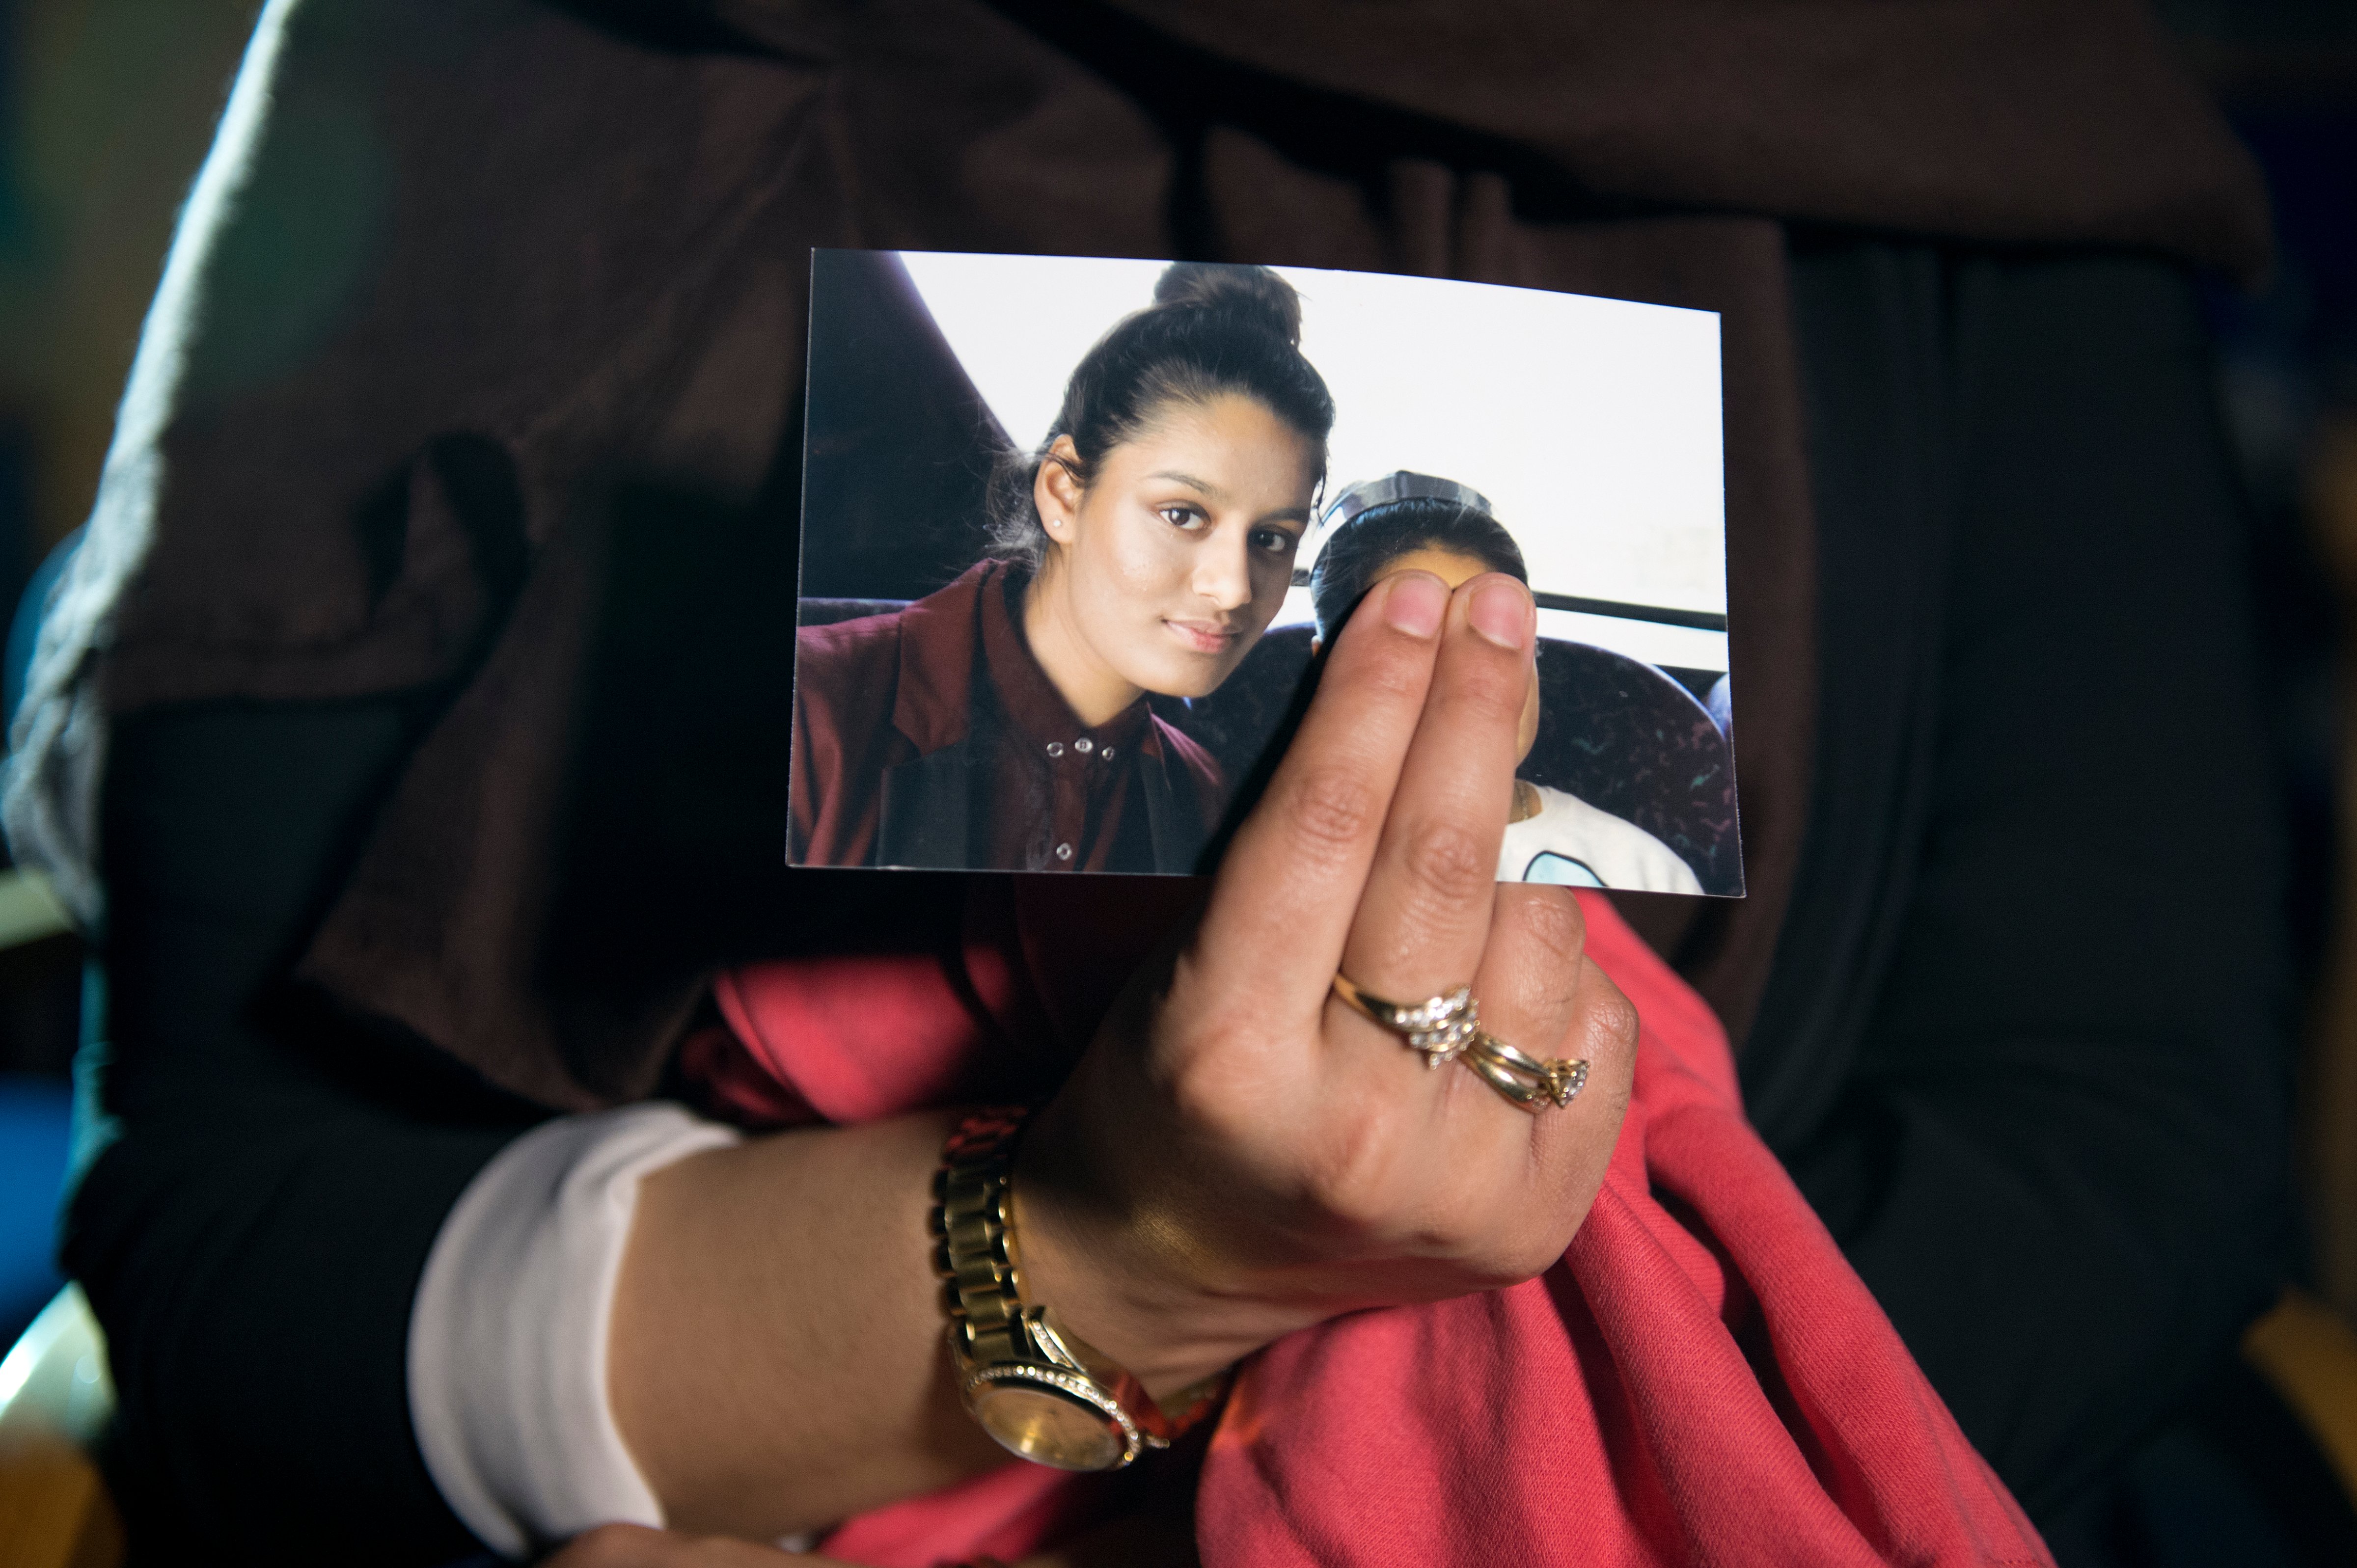 Renu Begum holds a photo of her sister, Shamima Begum, 15, believed to have fled to Syria to join Islamic State. February 22, 2015 in London, England. (WPA—Getty Images)
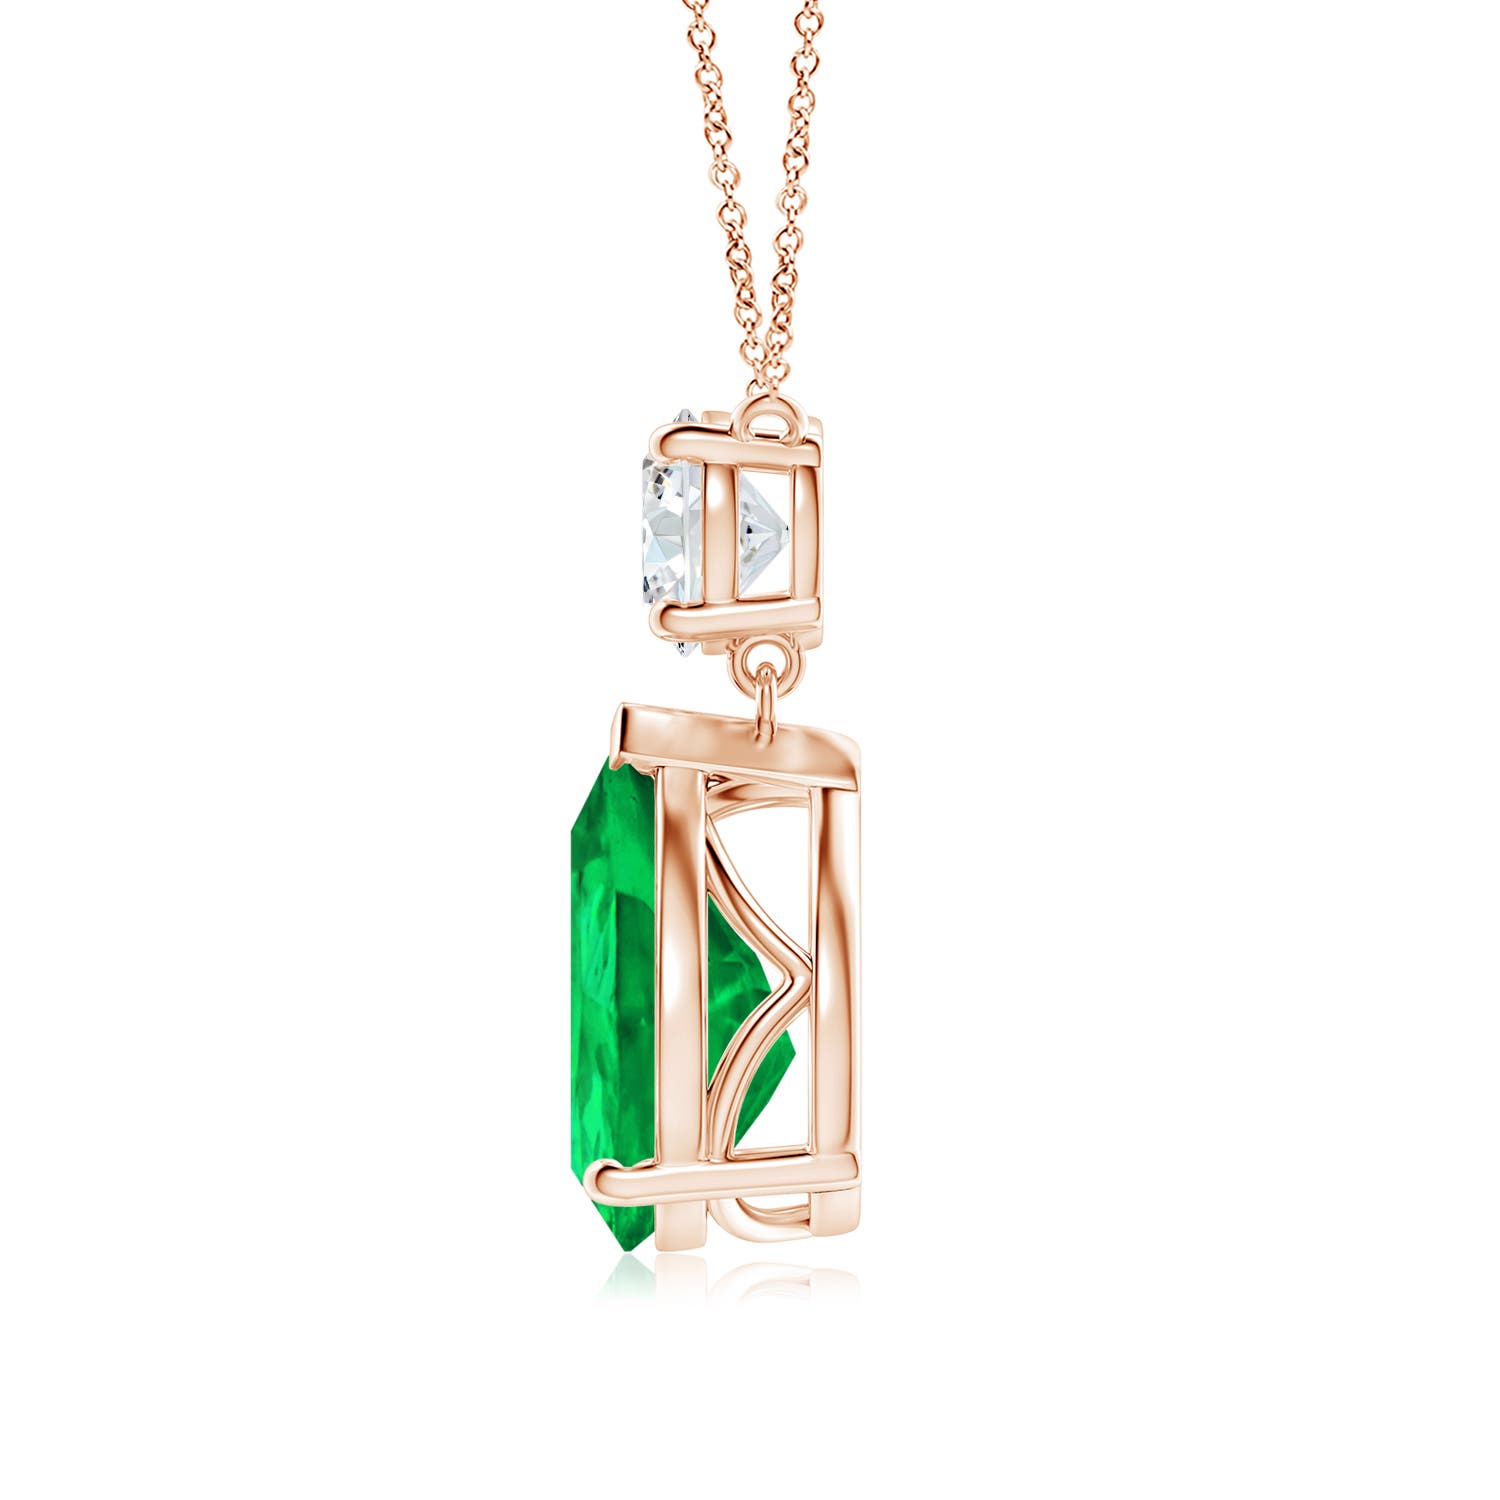 AAA - Emerald / 5.21 CT / 14 KT Rose Gold
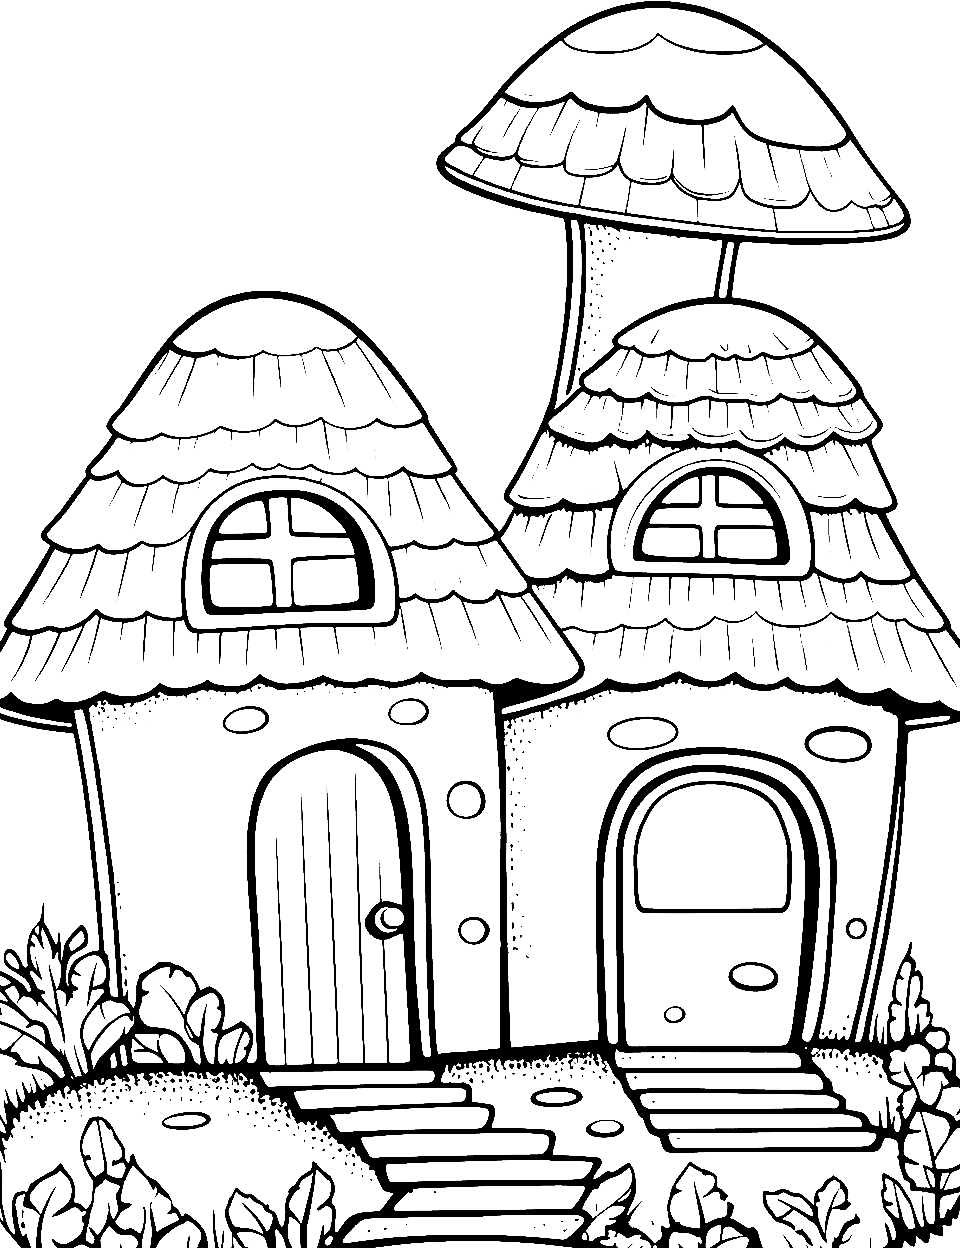 Cute Mushroom Cottages Coloring Page - Tiny houses shaped like mushrooms.
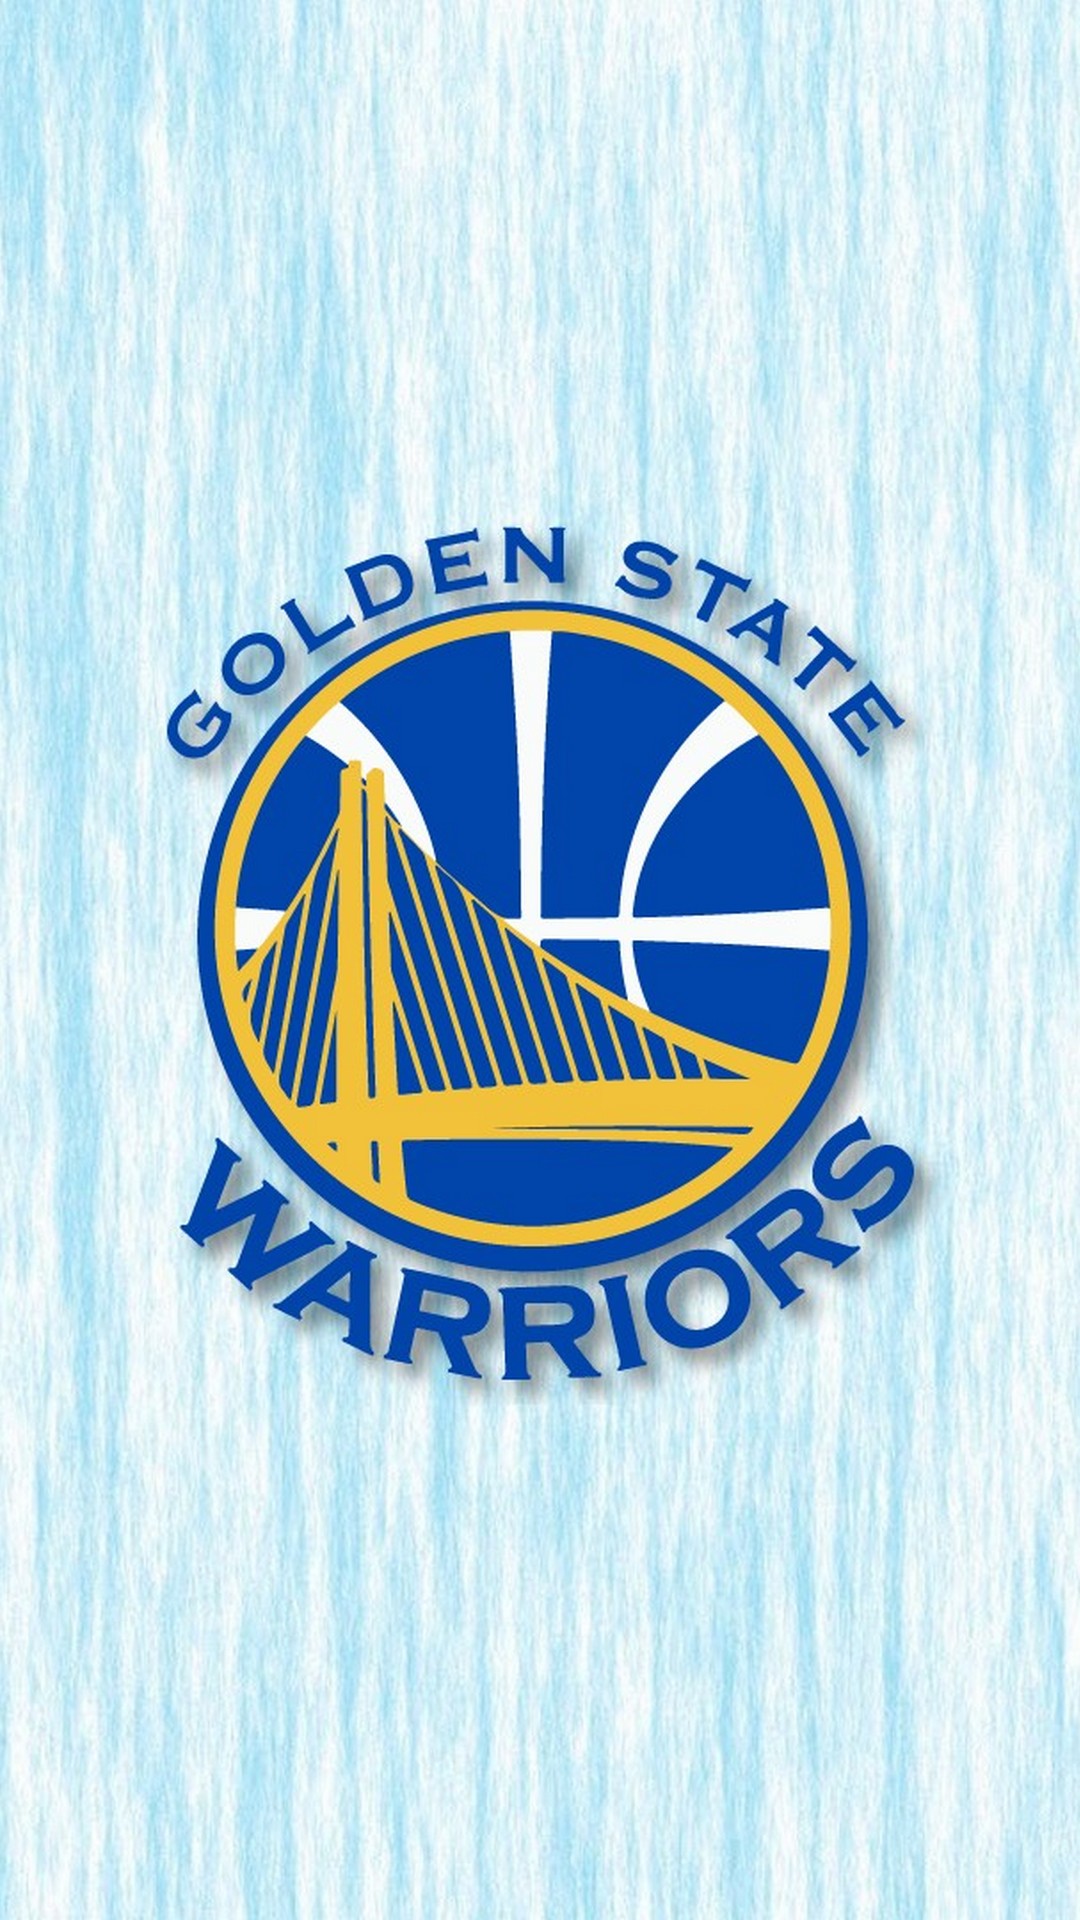 Iphone X Wallpaper Golden State Warriors With Image - Golden State Warriors - HD Wallpaper
——————————
Exercise details —
Faithful copy, images left out: write out every line of data.

Written solution —
 Renu Begum holds a photo of her sister, Shamima Begum, 15, believed to have fled to Syria to join Islamic State. February 22, 2015 in London, England. (WPA—Getty Images)
 AAA - Emerald / 5.21 CT / 14 KT Rose Gold
 Cute Mushroom Cottages Coloring Page - Tiny houses shaped like mushrooms.
 Iphone X Wallpaper Golden State Warriors With Image - Golden State Warriors - HD Wallpaper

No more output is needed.